The process of making interpretive spaces without information text would most likely lead us to create a very different kind of space. One that borrows from theatre and performance design, and that is more geared towards evoking emotion, encouraging us, even forcing us, to explore with all our senses, where design plays an important role in choregraphing an intuitive journey, naturally guiding us and directing our attention.

Explore without the interruption of labels. Dove Cottage, Wordsworth Grasmere. Photography Gardner Gareth

We recently worked with Wordsworth Grasmere to transform Dove Cottage, the former home of Romantic poet William Wordsworth. During the years he lived here with his young family, he wrote some of his most well-known and celebrated poetry. When you step into the cottage today, it feels incredibly special and we wanted to capture this feeling, creating an environment to be experienced, that evoked the feeling of an intimate lived-in home.  Interpretive labels or panels would only break this magic.

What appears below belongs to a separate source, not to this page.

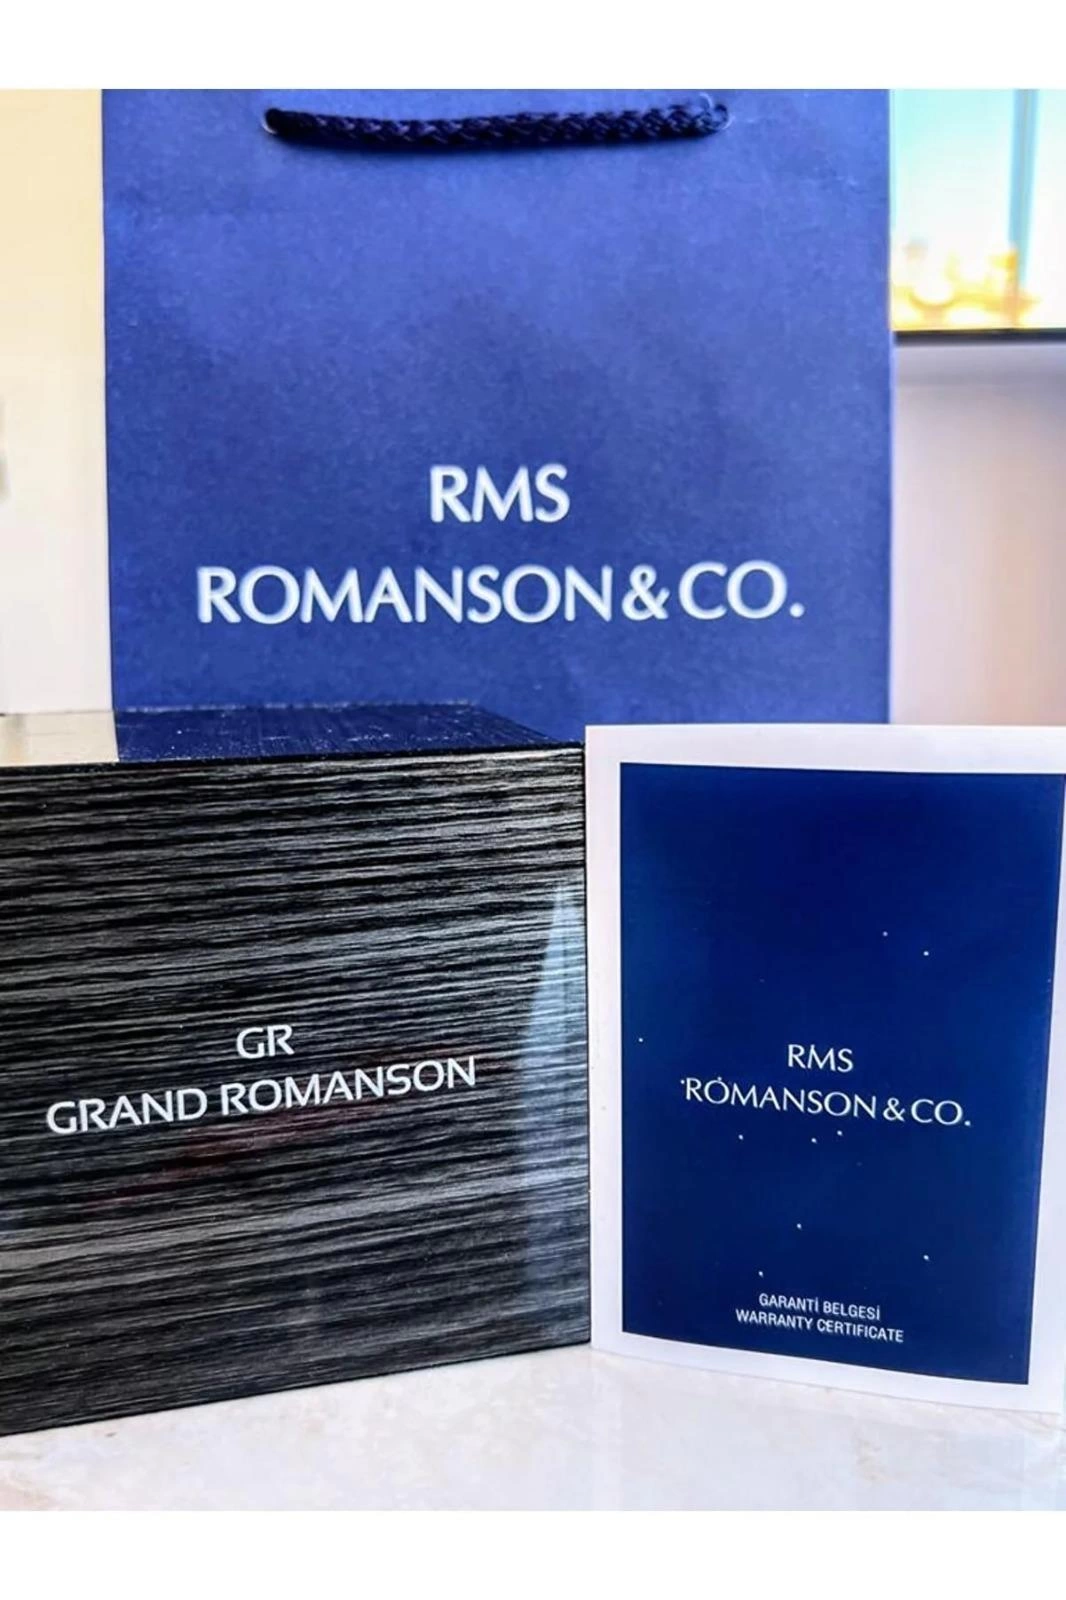 RMS.113 Romanson Özel Seri Takım Elbiseye Özel Tasarım Damat & Nişan Saati  Kararmaz Renk Atmaz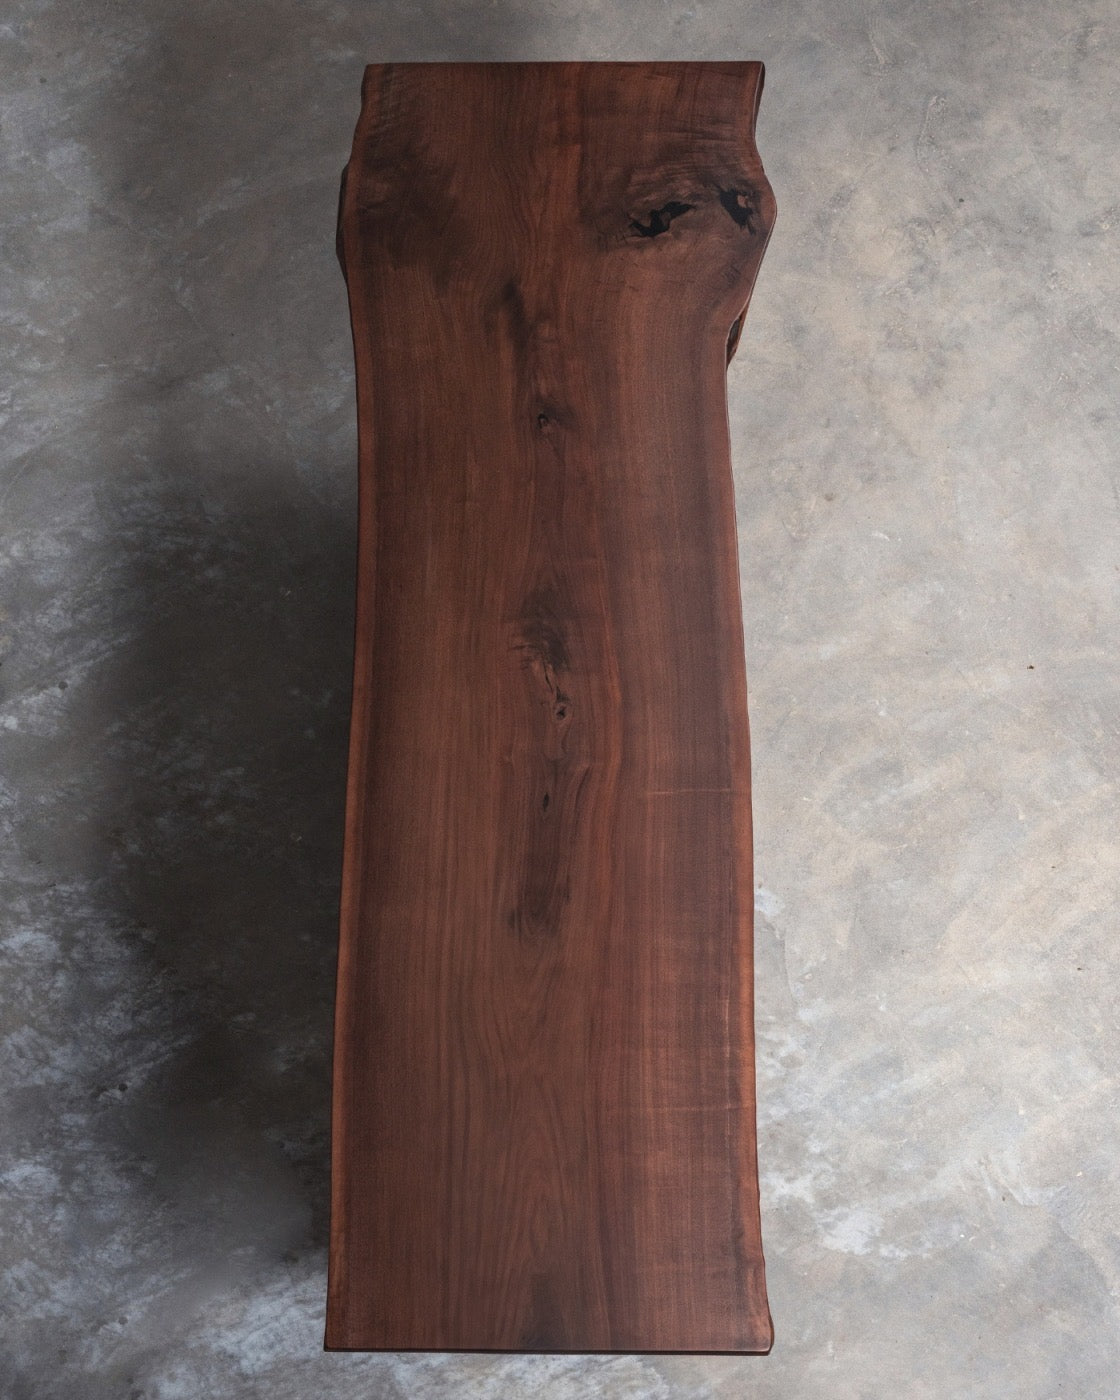 Wood Slabs Table Tops, American walnut slab, Black Walnut Slab Table

Before you enter, a film starts to paint a picture – you know who lived here and get a sense of their lives. Throughout the cottage, you discover subtle clusters of things, fragments that speak of ordinary human experiences. A few crumbs on a plate, a nearly empty cup of tea, an open book left on a bed. A guide is present, but also lets you explore on your own. You hear fragments of sounds, as if coming from the next room or from outside – children playing or muffled conversations with a neighbour. You don’t need the printed words to understand what’s going on in here, nor do you need to understand absolutely everything that is around you to appreciate the value of the place.

So when you sit down to plan your next exhibition or interpretive museum project, perhaps consider whether you should abandon the text. It could drive you to come up with some exciting creative solutions.